How about a London flat? How do Singapore condo prices compare with those of London flats? From Chart 4, you see that a 100 sq m condo in Singapore is still more expensive than a representative London flat. A typical London flat, according to Nationwide, was valued at US$321,000 at end-March this year. In Singapore, the median price of a 100 sq m condo is US$754,000. Again, the question is how big is a typical London flat.
And finally, the interesting bit. How many ounces of gold does it take to buy a condo in Singapore, a flat in London and a house in UK?
At current prices, it will cost 222 ounces to buy a typical UK house, 289 ounces to buy a representative London flat and 680 ounces to buy a 100 sq m Singapore condo.
Of course, these numbers have to be viewed in relation to their respective historical range.
From Chart 5, you can see that at its peak, between Q2 1996 and Q2 1997, Singapore condos cost more than 2,000 ounces of gold. The cheapest a Singapore condo has been, in gold terms, was in Q4 1980 at 166 ounces – the earliest available data point for this series.
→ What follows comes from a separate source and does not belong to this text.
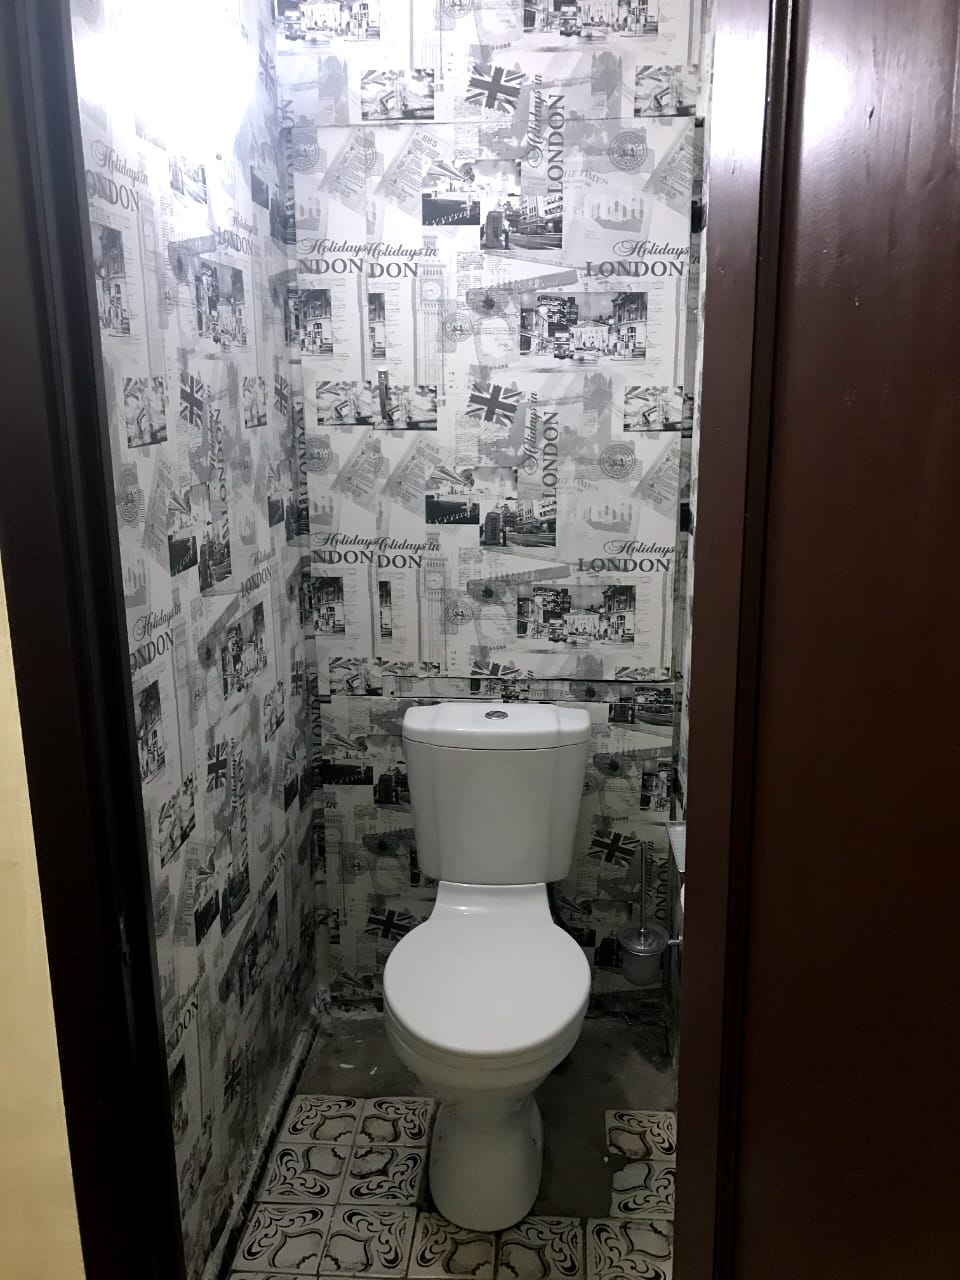 Трёхкомнатная квартира на улице Мельникова в Химках. Туалет
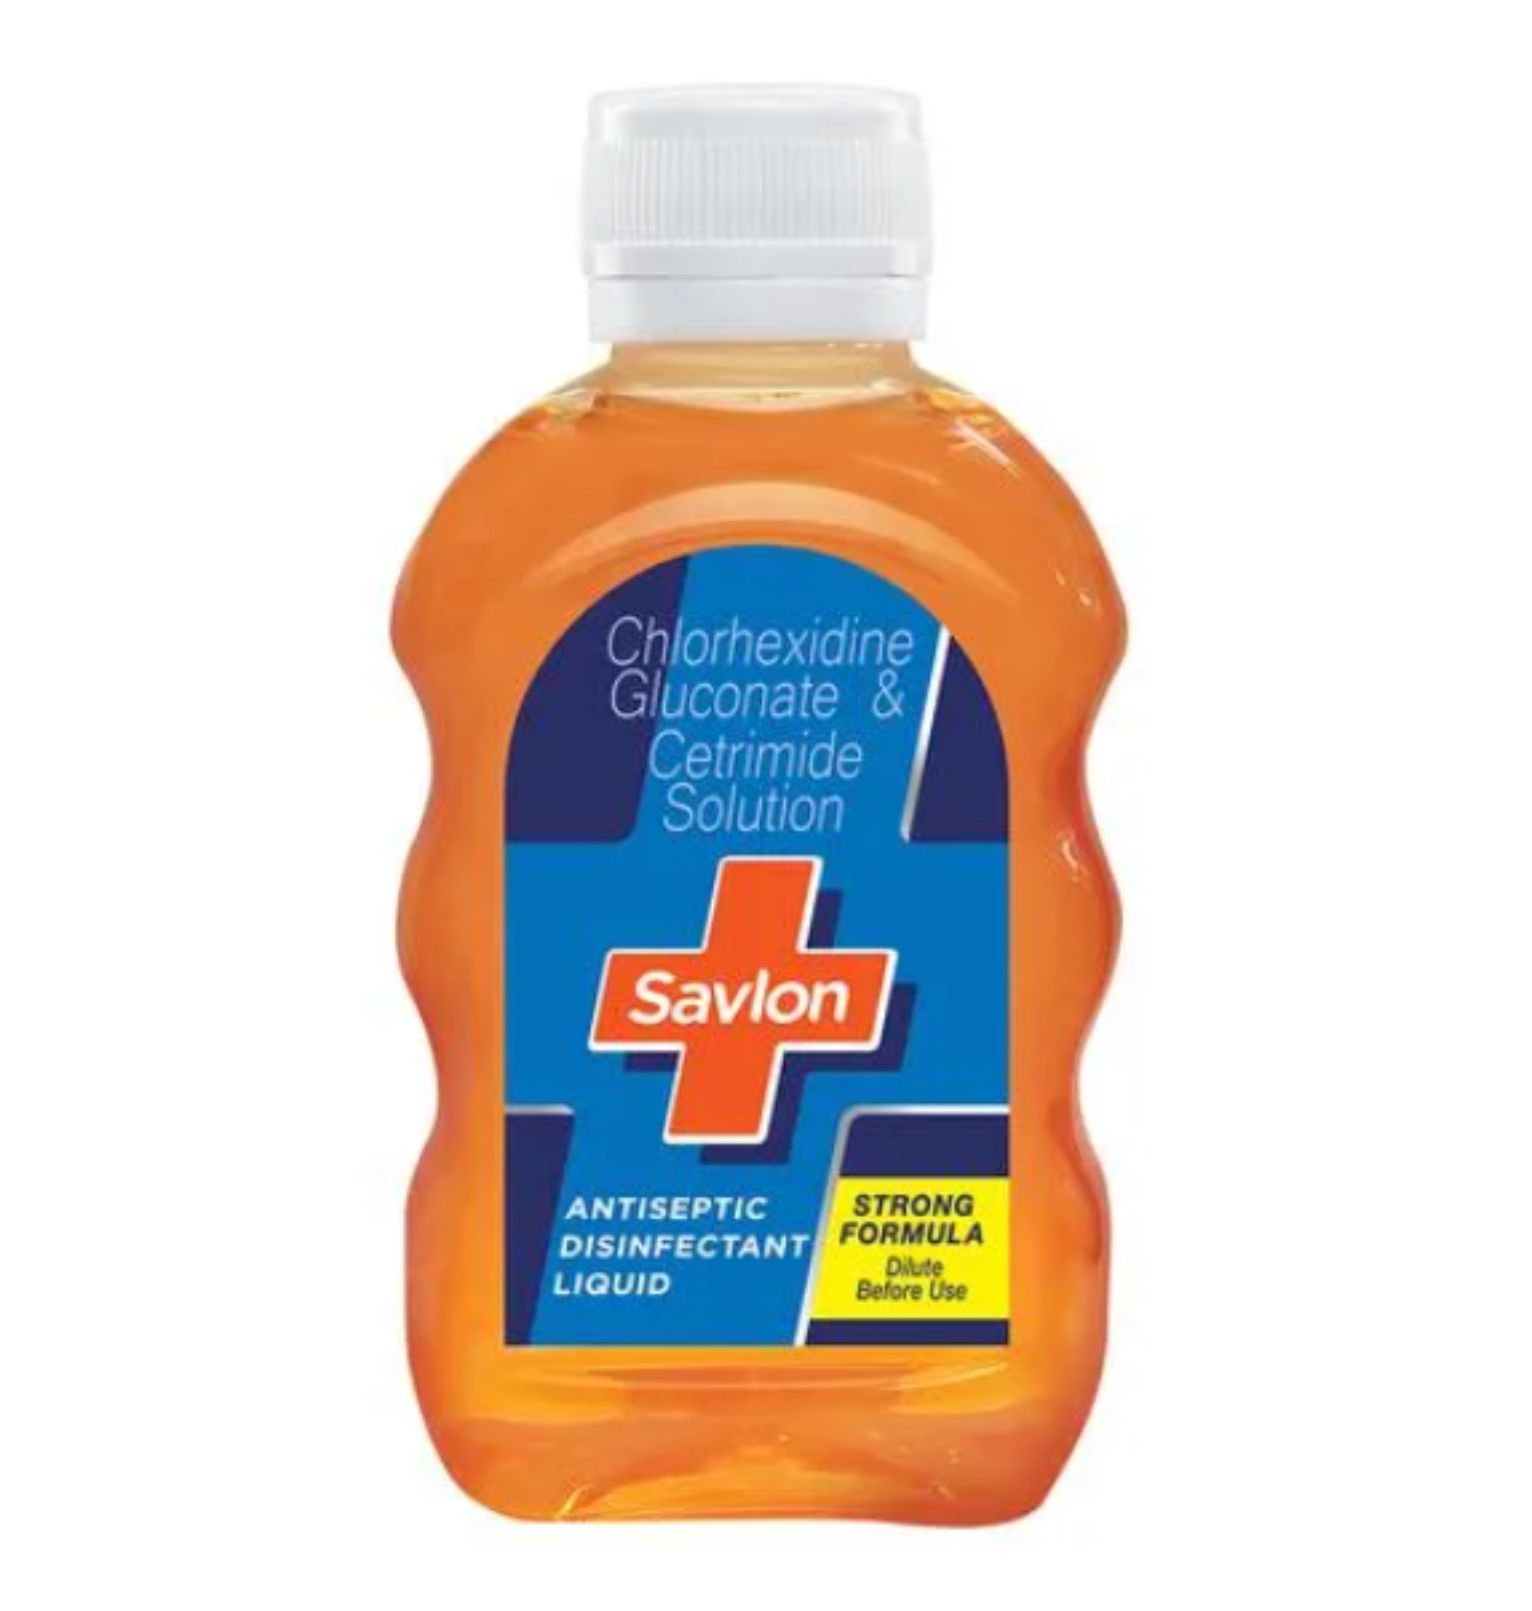 Savlon Antiseptic Disinfectant Liquid, 50 ml Bottle

From that perspective, the 680 ounces of gold required to buy a condo now may not be too excessive.
As for a UK house, the range – going as far back as 1970 – is between 84 ounces of gold in 1980 and 682 ounces in Q2 2004. For a London flat, from 1990 until now, the range is between 184 ounces in Q1 1996 and 919 ounces in Q4 2001.
So the 222 ounces required to buy a typical UK house, and the 289 ounces required to buy a London flat now – can, from this point of view, be considered cheap now, and arguably offering more value than Singapore properties.
But of course, the gold price is subject to investor sentiment and increasingly to the buying and selling of hedge funds, exchange-traded funds, central banks and so on. The gold price also fluctuates in response to the overall level of confidence in the monetary system and the economy. For example, the equity bear market of 1966 to 1982 coincided with a bull market in gold and gold-related investments. Meanwhile, the equity bull market of 1982 to 2000 coincided with a bear market in gold and gold-related investments. And the equity bear market that began in 2000 has, to date, coincided with a bull market in gold and gold-related investments.
But between 2003 and 2007 and for the whole of last year, both gold and equity prices rose sharply. Between 1970 and now, the gold price has risen by 8.9 per cent a year, while the S&P 500 has gained 6.5 per cent a year.
Gold today, of course, is at its all-time high levels. The expectation is that it will continue to go further. The continued rise in the gold price will make real estate look even cheaper in relative terms. Conversely, a decline in gold will make property prices look expensive in gold terms.
Whatever happens, we can be certain of one thing. In the long term, both gold and real estate are without doubt a better store of value than fiat money.